X-Mailman-Version: 2.1.5
Precedence: list
List-Id: Filesystems <freebsd-fs.freebsd.org>
List-Unsubscribe: <http://lists.freebsd.org/mailman/listinfo/freebsd-fs>,
	<mailto:freebsd-fs-request@freebsd.org?subject=unsubscribe>
List-Archive: <http://lists.freebsd.org/pipermail/freebsd-fs>
List-Post: <mailto:freebsd-fs@freebsd.org>
List-Help: <mailto:freebsd-fs-request@freebsd.org?subject=help>
List-Subscribe: <http://lists.freebsd.org/mailman/listinfo/freebsd-fs>,
	<mailto:freebsd-fs-request@freebsd.org?subject=subscribe>
X-List-Received-Date: Fri, 21 Sep 2007 12:10:31 -0000

Fluffles wrote:
> 
> Ivan Voras wrote:
>  > There 4 drives are used in what RAID form? If it's RAID0/stripe, you 
> can't avoid data being spread across the drives (since this is the point 
> of having RAID0).
> 
> It's an array of 8 drives in gconcat, so they are using the JBOD / 
> spanning / concatenating scheme, which does not have a RAID designation 
> but rather is a bunch of disks glued to each other. Thus, there is no 
> striping involved. Offset 0 to 500GB will 'land' on disk0 and then disk1 
> takes over, in scheme:
> 
> offset 0 
> ------------------------------------------------------------------- 
> offset 4TB
> disk0 -> disk1 -> disk2 -> disk3 -> disk4 -> disk5 -> disk6 -> disk7
> 
> (for everyone not familiar with concatenation)
> 
> 
>  > If the drives are simply concatenated, then there might be weird 
> behavior in choosing what cylinder groups to allocate for files. UFS 
> forces big files to be spread across cylinder groups so that no large 
> file fills entire cgs.
> 
> Exactly! And this is my problem. I do not like this behavior for various 
> reasons:
> - it causes lower sequential transfer speed because the disks have to 
> seek regularly
> - UFS causes 2 reads per second when writing sequentially, probably some 
> meta-data thing but i don't like it either
> - files are not written contiguously which causes fragmentation, 
> essentially UFS forces big files to become fragmented this way.
> 
> Even worse: data is being stored at weird locations, so that my energy 
> efficient NAS project becomes crippled. Even with the first 400GB of 
> data, it's storing that on the first 4 disks in my concat configuration, 
> so that when opening folders i have to wait 10 seconds before the disk 
> is spinned up. For regular operation, multiple disk have to be spinned 
> up which is not practical and unnecessary. Is there any way to force UFS 
> to write contiguously? Else i think i should try linux with some linux 
> filesystem (XFS, Reiser, JFS) in the hope they do not suffer from this 
> problem.
> 
> In the past when testing geom_raid5 I've tried to tune newfs parameters 
> so that it would write contiguously but still there were regular 2-phase 
> writes which mean data was not written contiguously. I really dislike 
> this behavior.

This notion of breaking up large blocks of data into smaller chunks is a 
fundamental of the UFS (well, FFS) filesystem, and has been around for 
ages.  I'm not saying it's the One True FS Format by any means, but many 
many other file systems use the same principals.

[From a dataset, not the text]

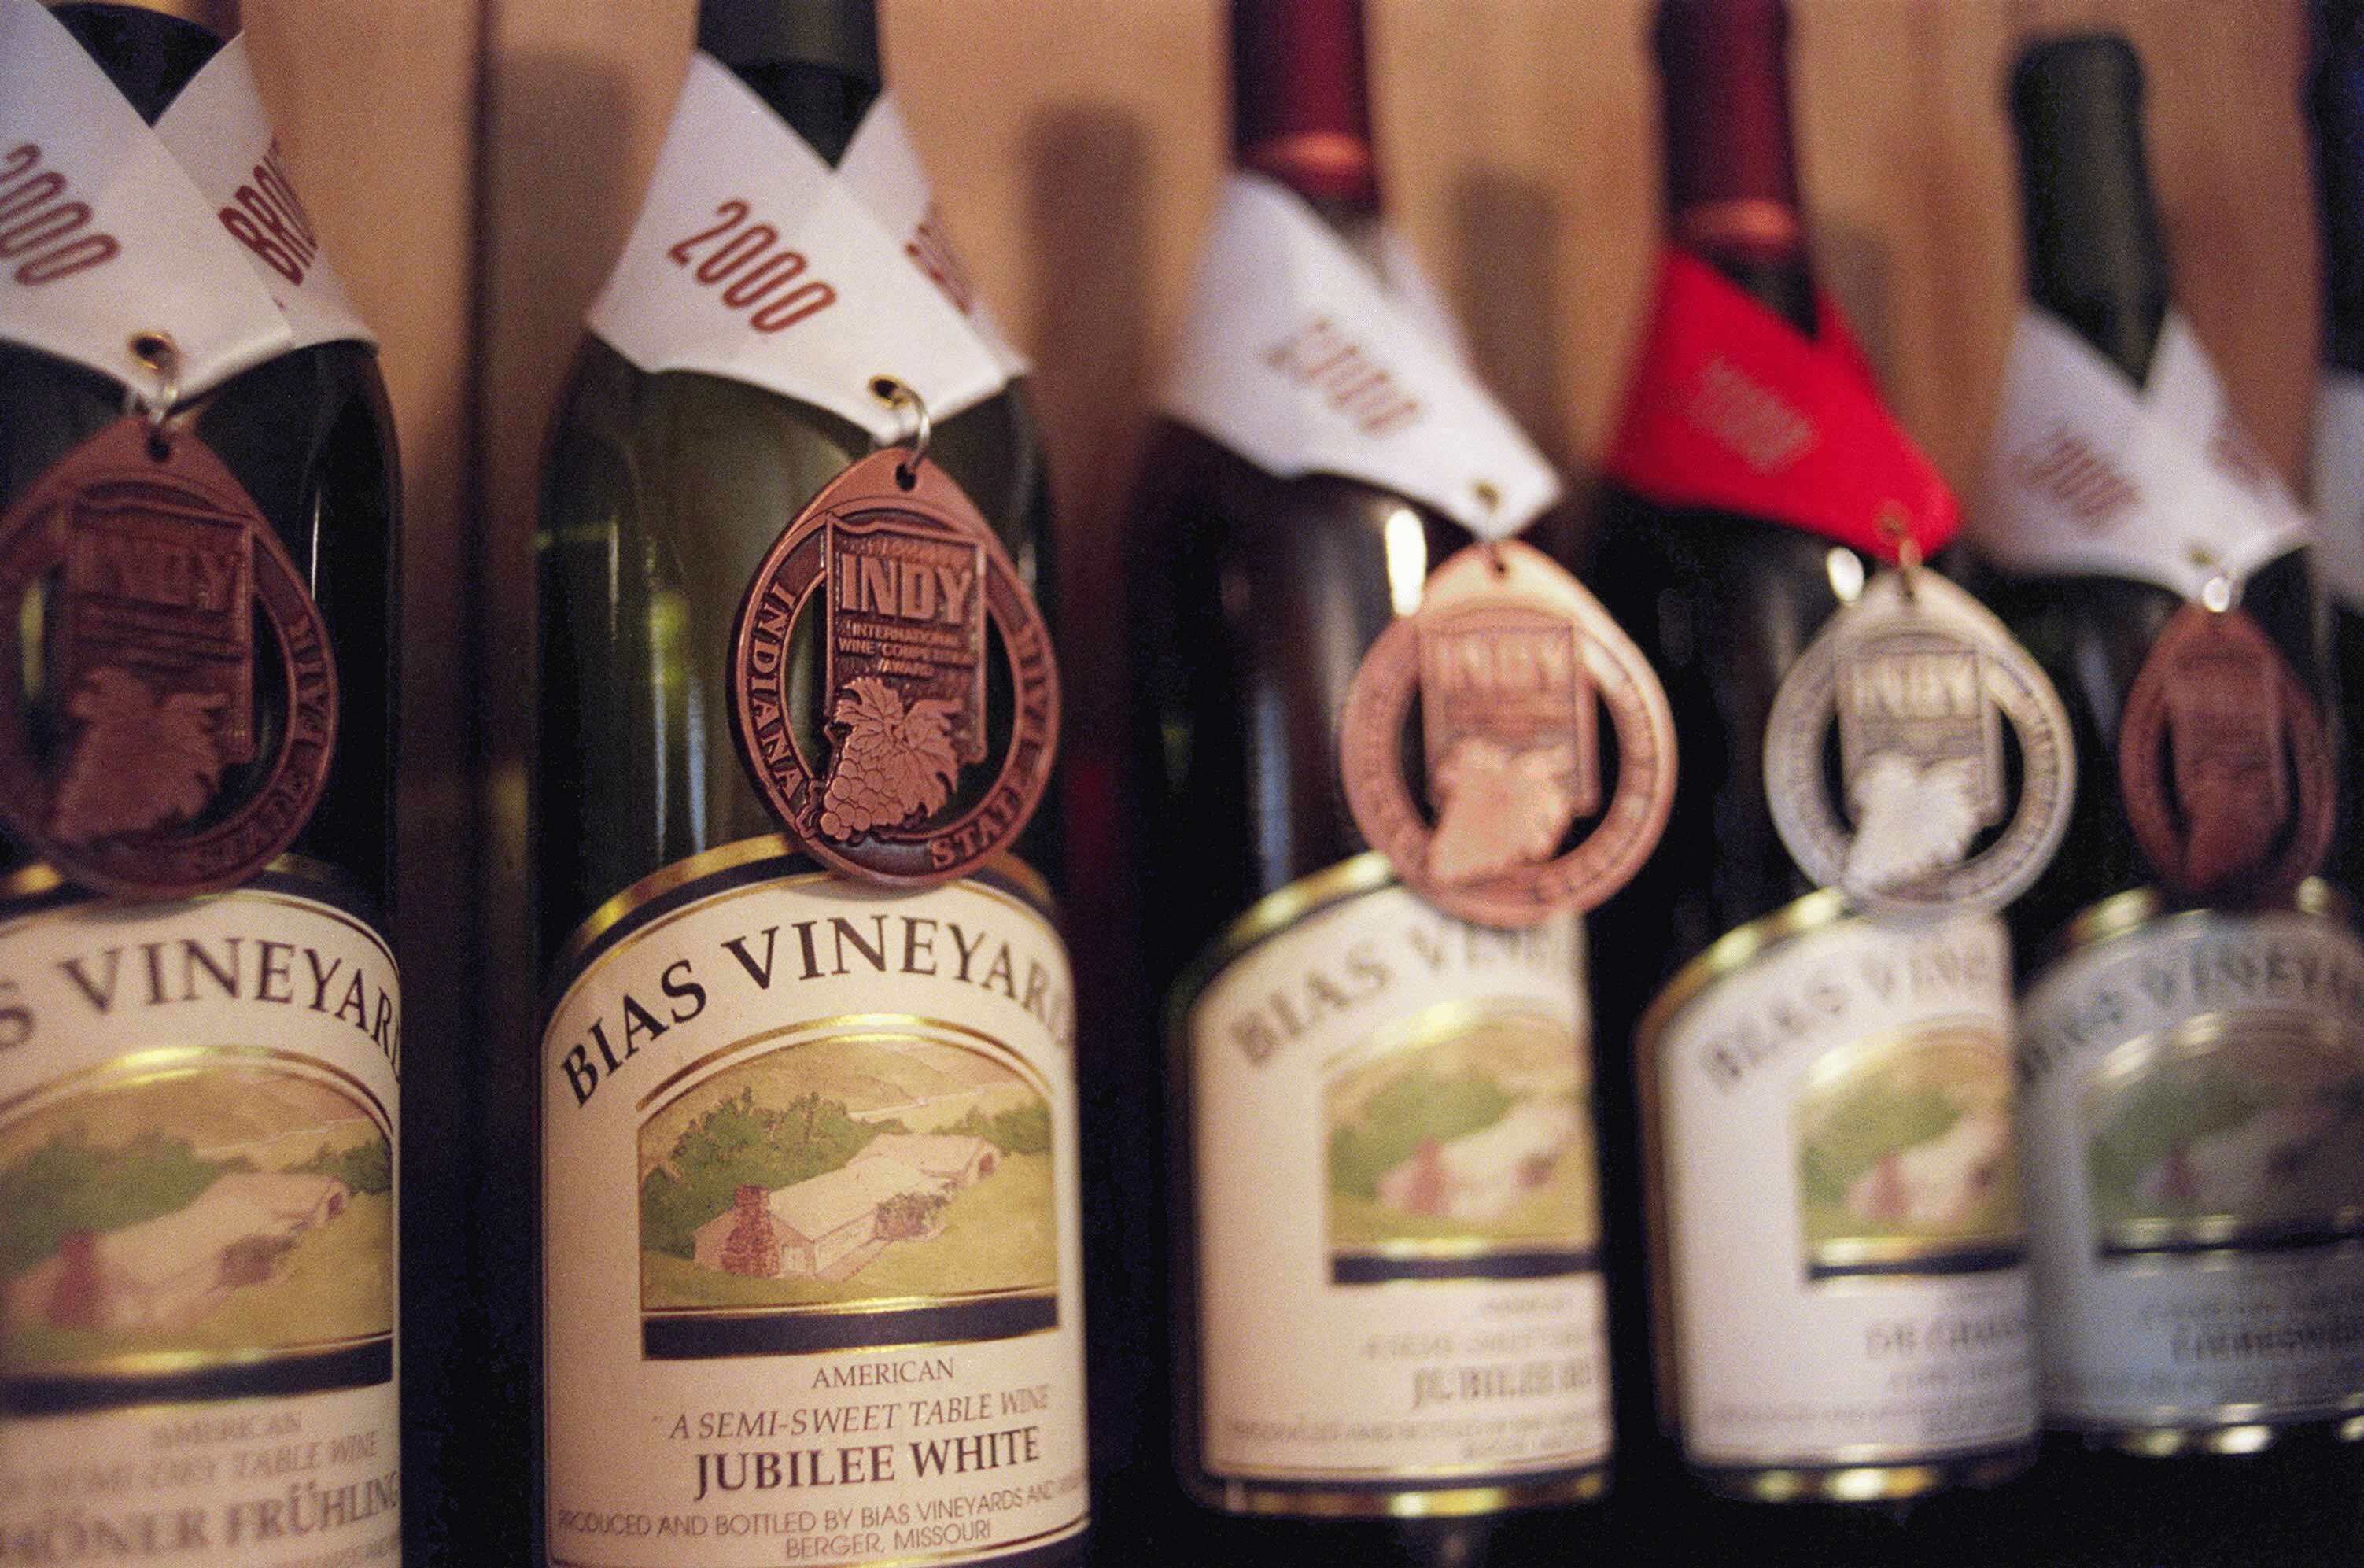 Bias Winery & Gruhlke's Microbrewery - indoor photo, a closeup of several bottles of wine which have awards on them.

The largest file size per chunk in a cylinder group is calculated at 
newfs time, which determines also how many cylinder groups there should 
be.  I think the largest size I've seen was something in the 460MB-ish 
range, meaning any contiguous write above that would span more than one 
cylinder group.

The max cylinder group size also has another bad side effect - the more 
cylinder groups you have, the longer it takes a snapshot to be created.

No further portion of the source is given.